The Merce Cunningham Trust played a leading role in Night of 100 Solos and the (limited) accompanying materials confirmed the qualifications of the dancers while emphasizing the authority of the former company members who had passed on the evening’s dances. Such a framework defined the terms of the Event’s “authenticity” and standards of success while underplaying the value of the looser, more human elements on view. Many of the evening’s performers exposed the lighter side of Cunningham’s choreography, letting its vaudevillian origins shine through. For example: A shuffle forward with flat feet and bent knees, arms pinned down at the sides and the head swiveling like a knob, was a performance closer to a character study than a sleek and robotic dance. Indeed, many of the moves Cunningham invented that demanded a dancer’s legs remain strictly parallel here looked pleasingly priggish and ridiculous.

More importantly, the evening offered audiences some long-overdue what-ifs. What if a Cunningham cast was diverse in age, race, body type, and training? I was knocked out by the backbend of a very young man that built on the bridges executed by a much older dancer. There were multiple performers of color on stage at once—a much-needed change. What if more of the effort required to perform a Cunningham dance was allowed to show? In one of the rare (and welcome) instances of contact between dancers, three men lifted a woman straight up off the ground. With arms outstretched and legs rooted down, her body’s rising weight and volume were visible, and a sudden, stunning arch of her ribcage revealed the absurd demands of his choreography on a body. In the end, not all of the what-ifs were fruitful: There was the lingering sense that not every dancer’s gifts were best paired with Cunningham’s choreography. And, as was the case in MCDC’s final years, the Event went on a bit too uniformly, and ran a bit long.  

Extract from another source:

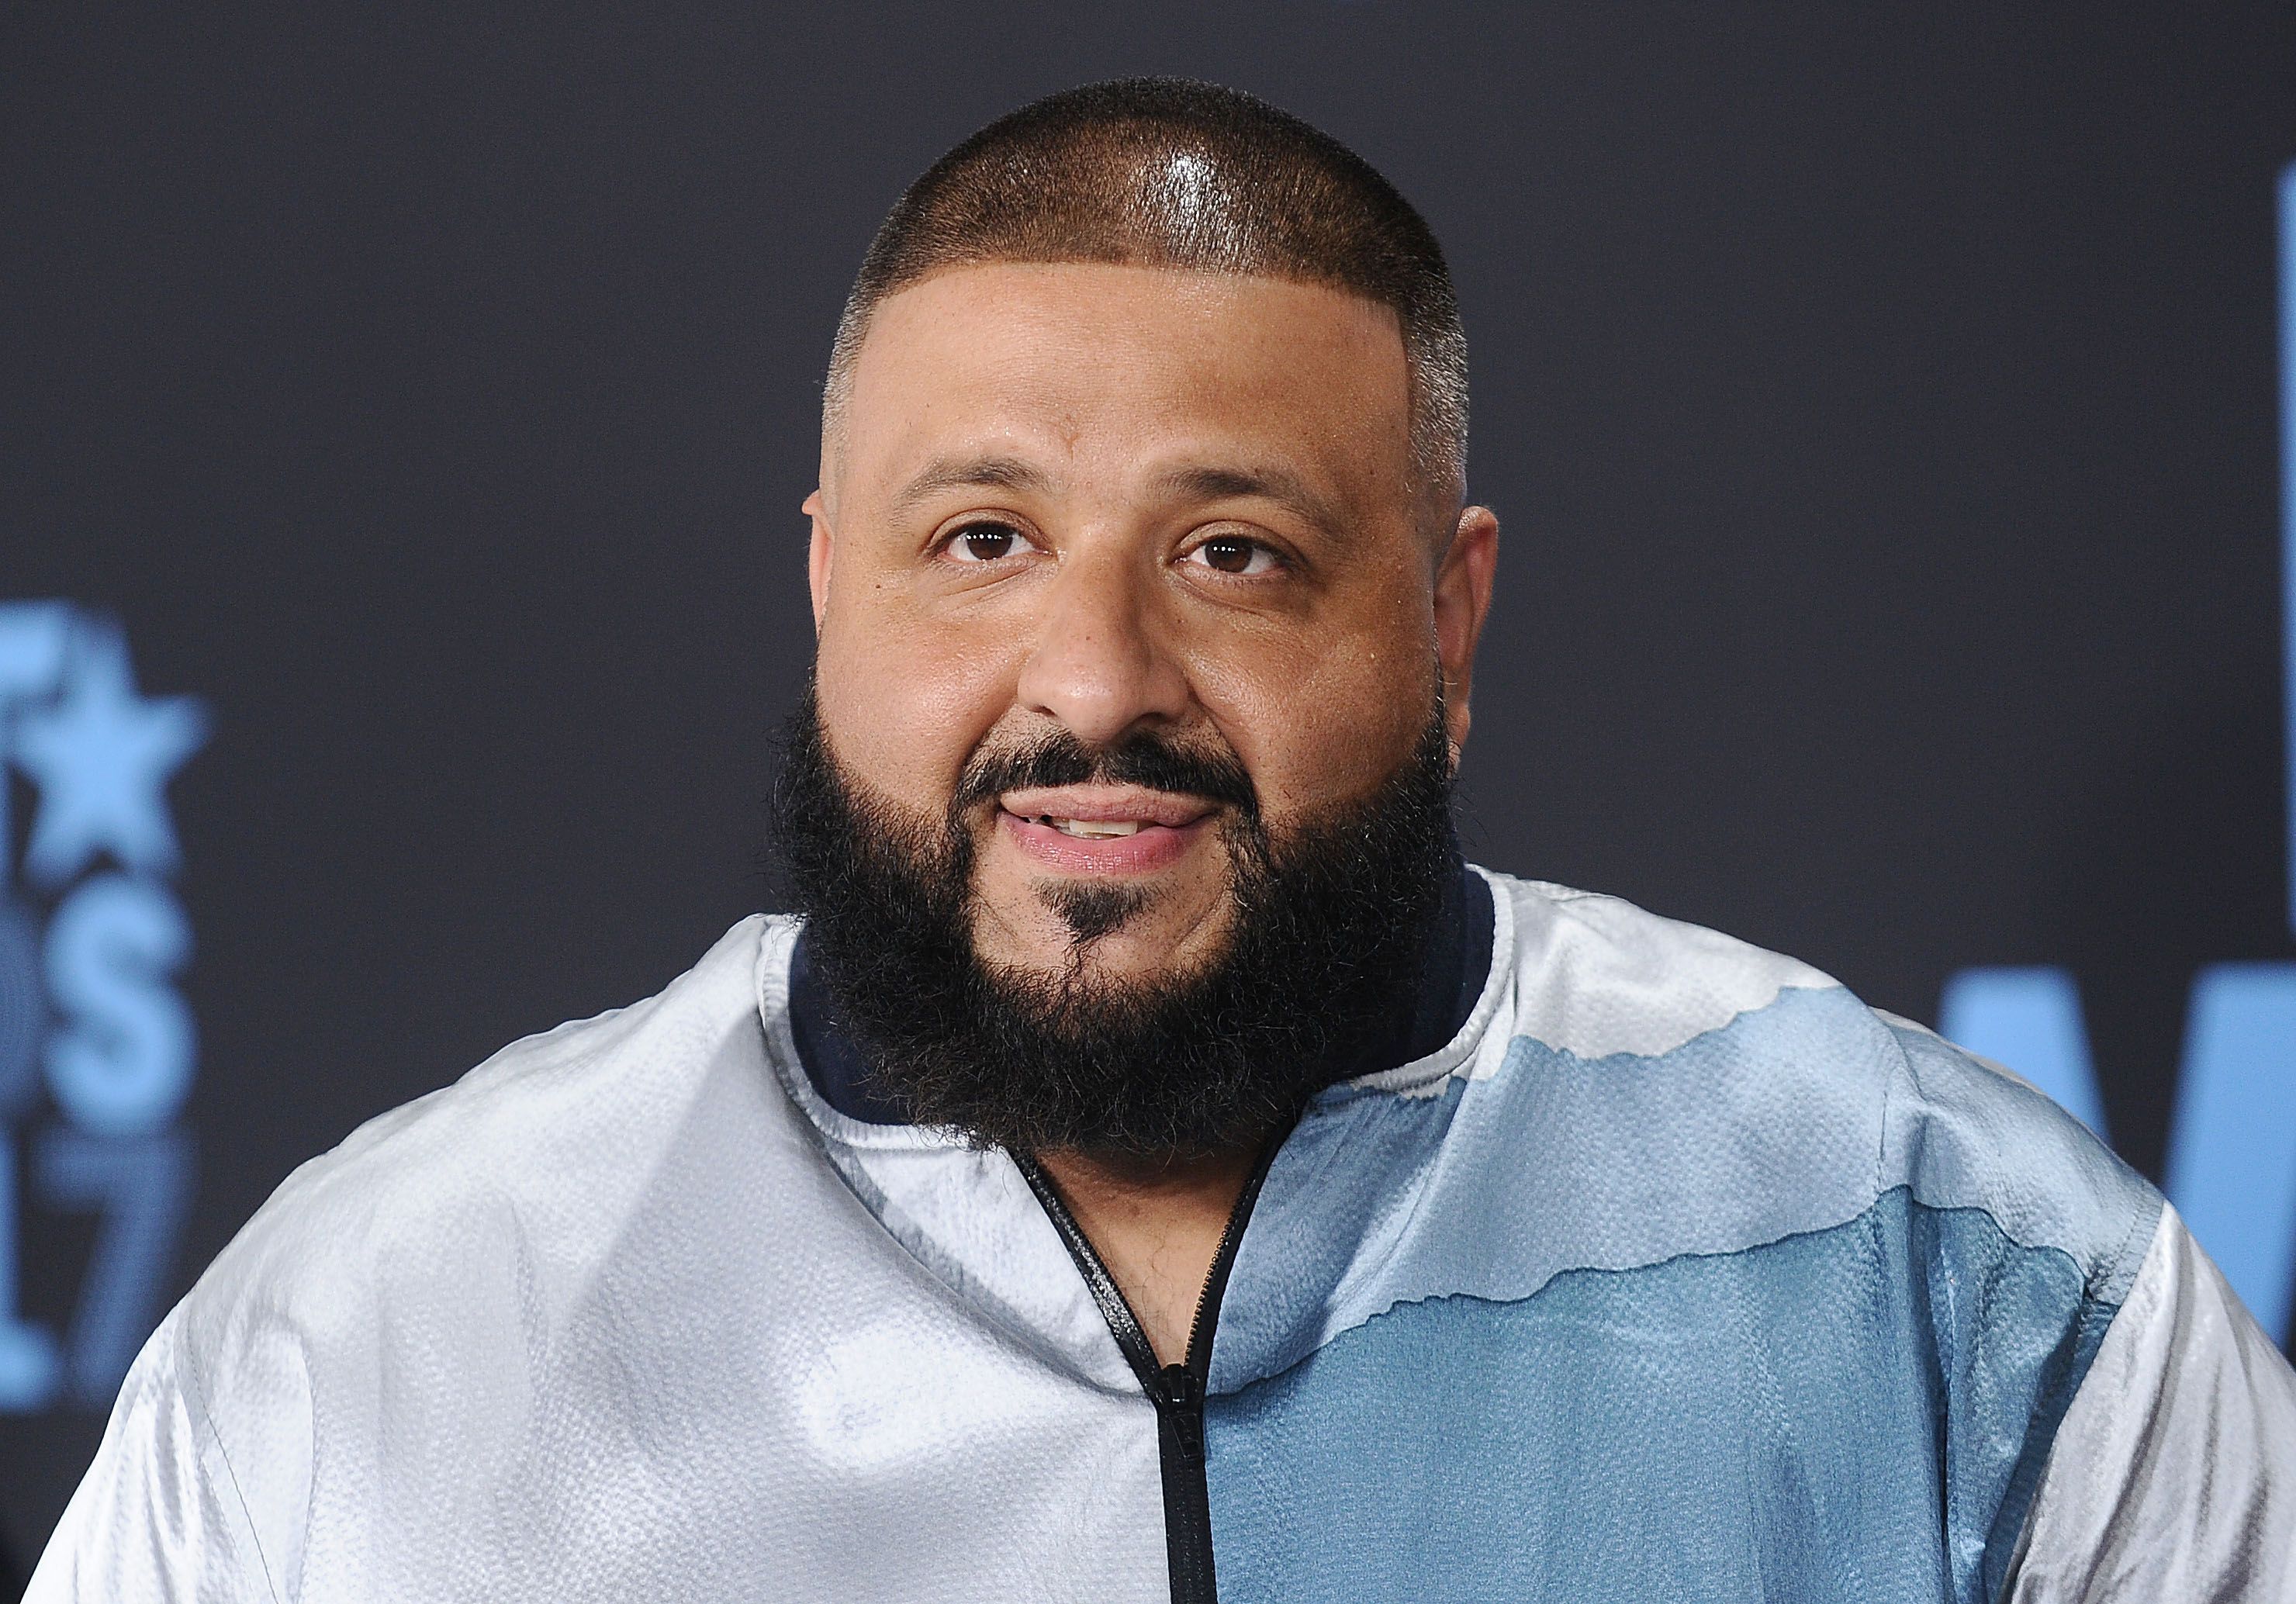 DJ Khaled attending the BET Awards on June 25, 2017 in Los Angeles. | Photo: Getty Images

If the Event safely set the standards for its own triumph while limiting the frame of its reception, it hinted at developments that may take place as time goes on. What, for instance, would we see if Los Angeles’s dance community—in all its breadth, including commercial dancers, historical companies like those of Lula Washington and Rudy Perez, and the big well of resources from programs at CalArts, USC, and UCLA—was matched with Cunningham’s time- and space-bending material? What new dancers of his dances could replace the old ones in memory? What new ideas would refresh the old debates about what Cunningham’s work was, and is, supposed to be? The boldest gamble of the Legacy Plan is that choices made without the artist’s oversight could eventually make his dances unrecognizable—and to some they might already be. I can’t wait for more evolutions.

Night of 100 Solos: A Centennial Event was performed on April 16 as a three-part presentation honoring the work of Merce Cunningham at the Barbican Theater in London, the Brooklyn Academy of Music in New York, and at CAP UCLA’s Royce Hall in Los Angeles.